What happens next is already well known – former president and Green–Farmer Raimonds Vējonis takes part in the mockery of the Freedom Monument; I am sure we’ll see him on candidate lists again in a year. And if this foreign‑shame episode is not enough for you, you can skip to minute 27 of the video to see how, on the famous balcony of the Latvian Radio building, some lady offers IShowSpeed the chance to feel like the President, because “speech are happening here when we got the independence and stuff like that”, while the main player Romāns is in the background eating his little sandwich.
At the end of the video, in that same FBO Riga terminal, the main hero is presented with the bread he baked, and then in the terminal, just as with greeting him, only Romāns is allowed to see him off.
Some might think that I’m exaggerating, and if so, I suggest watching the IShowSpeed videos from Estonia and Lithuania as well. What did he try out in Estonia? Things that could appeal to tourists and that the whole nation is likely proud of: a sauna, water sports, a Bolt Food robot, a rally car ride, and more. What did Lithuania offer? Lithuania made maximum use of the short video to attract tourists: it started with cold beet soup, then discus throwing with an Olympian, then folk songs in national costumes, a TV tower visit with an observation deck, fighting in medieval outfits, a hot air balloon, and basketball. What did we have in Latvia? A ZZS campaign paid for with LIAA money, with the entertainment consisting of jumping around on the Freedom Monument and eating food from farms owned by people close to those in power. Plus gambling and weed advertising.

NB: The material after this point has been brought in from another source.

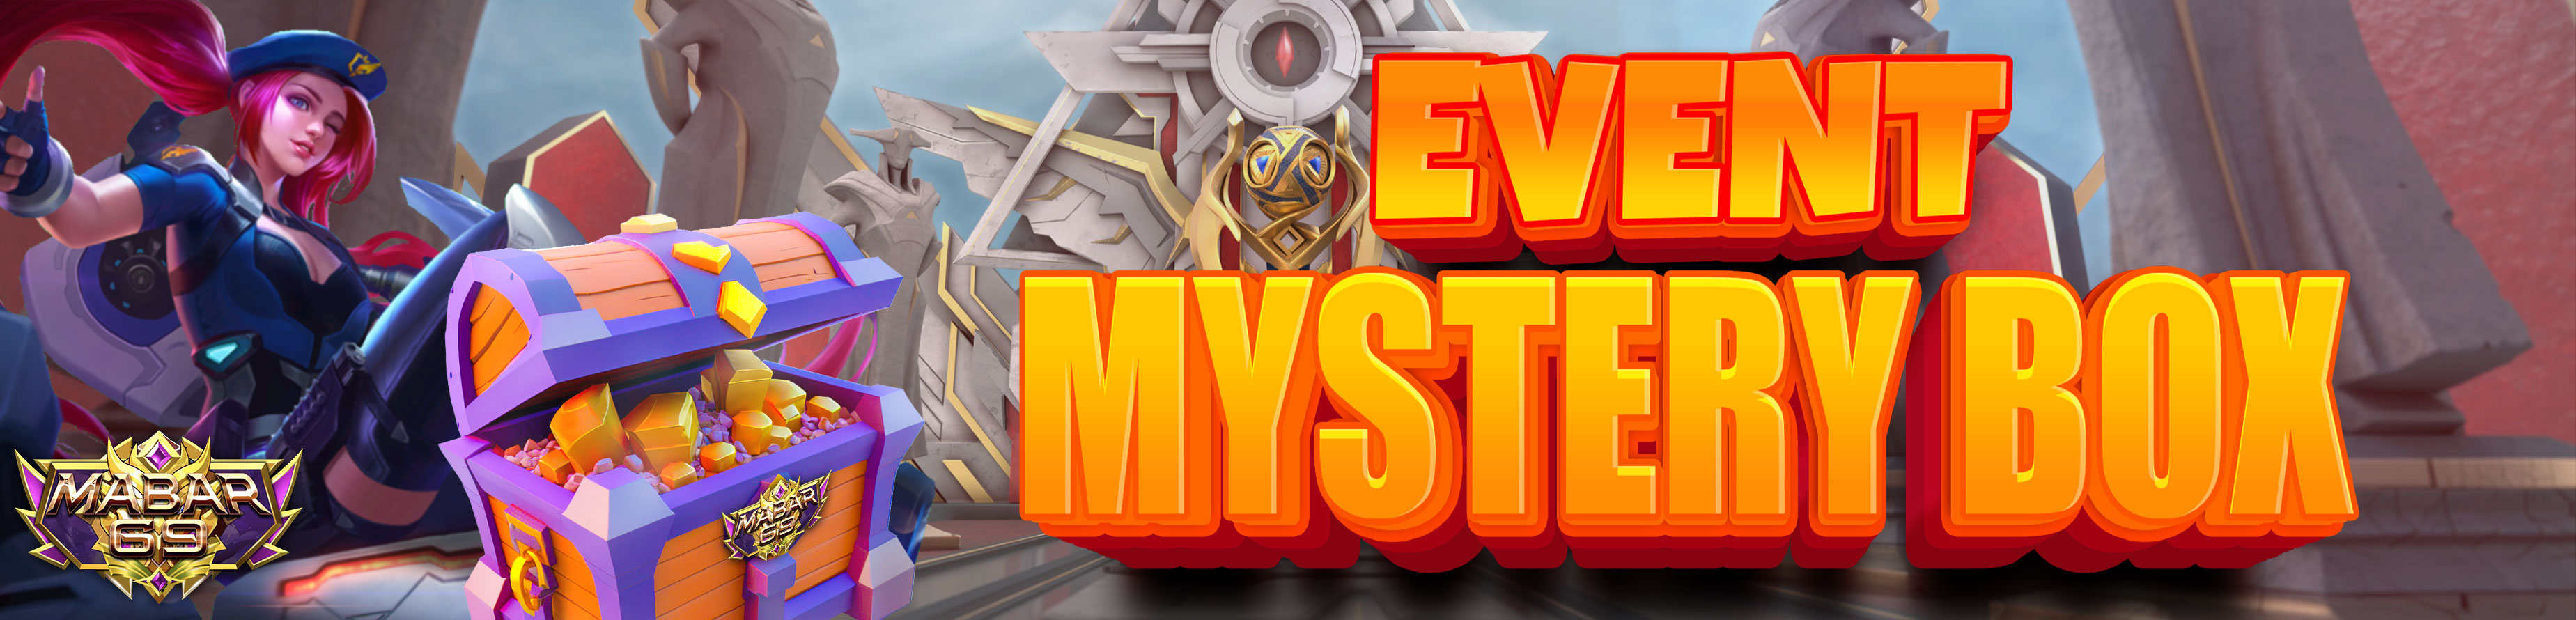 EVENT MYSTERY BOX
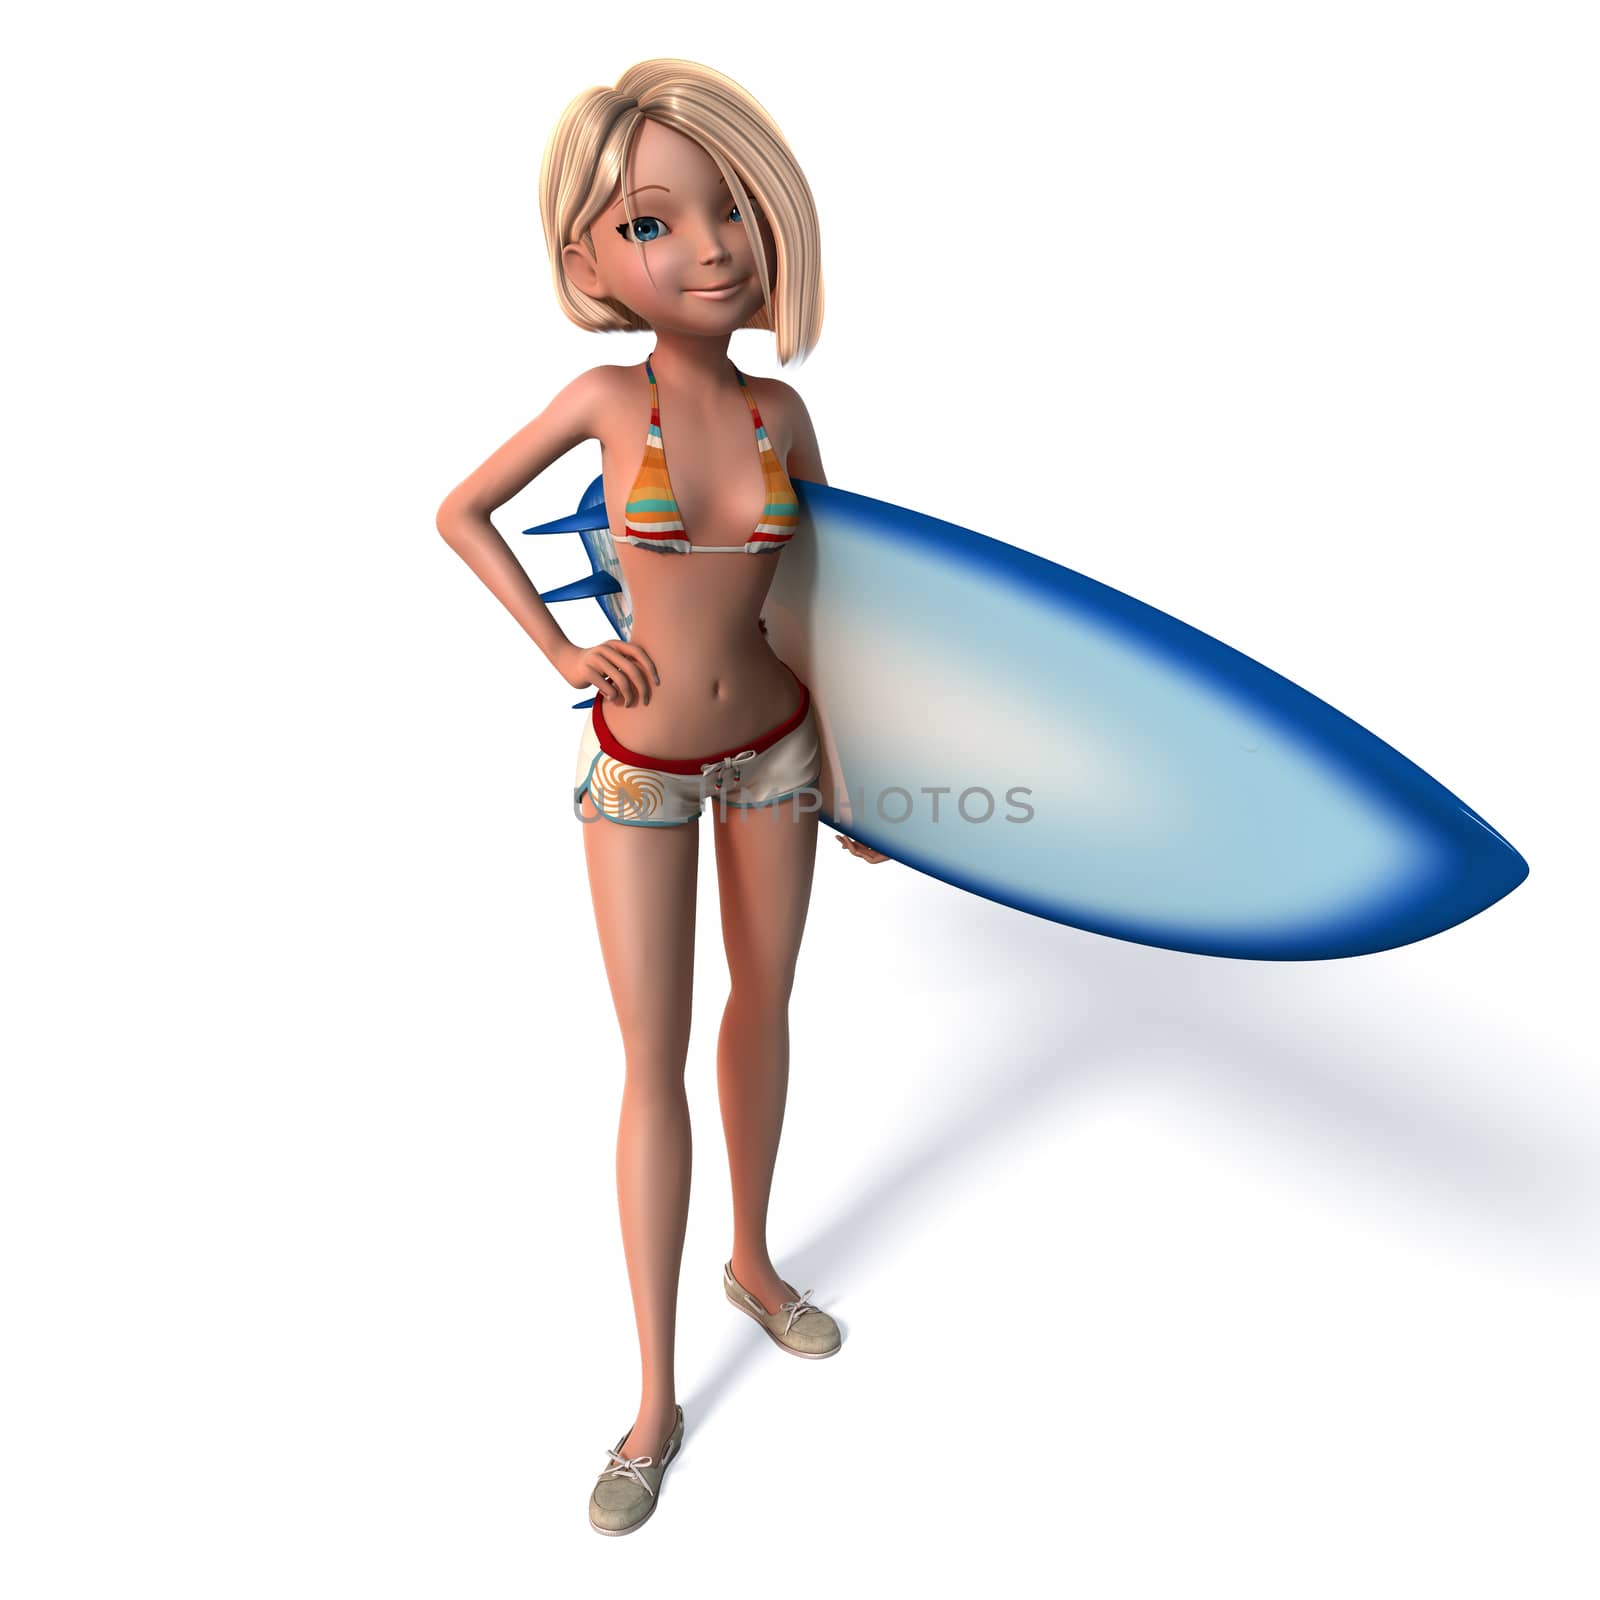 Young Girl With Surfboard by vik173

Among other things, the question of technical support remains open – organization, filming, transport… Of course, I asked this question both to Minister Valainis’s adviser and to Romāns Nozdrins himself, but one single question – who paid for the technical side and how much – turned out to be too complicated to answer in more than 24 hours. Maybe they need to convene a party board meeting to decide how best to answer, or whether to answer at all, but given the number of people involved, I think it could cost about as much as LIAA paid the main hero.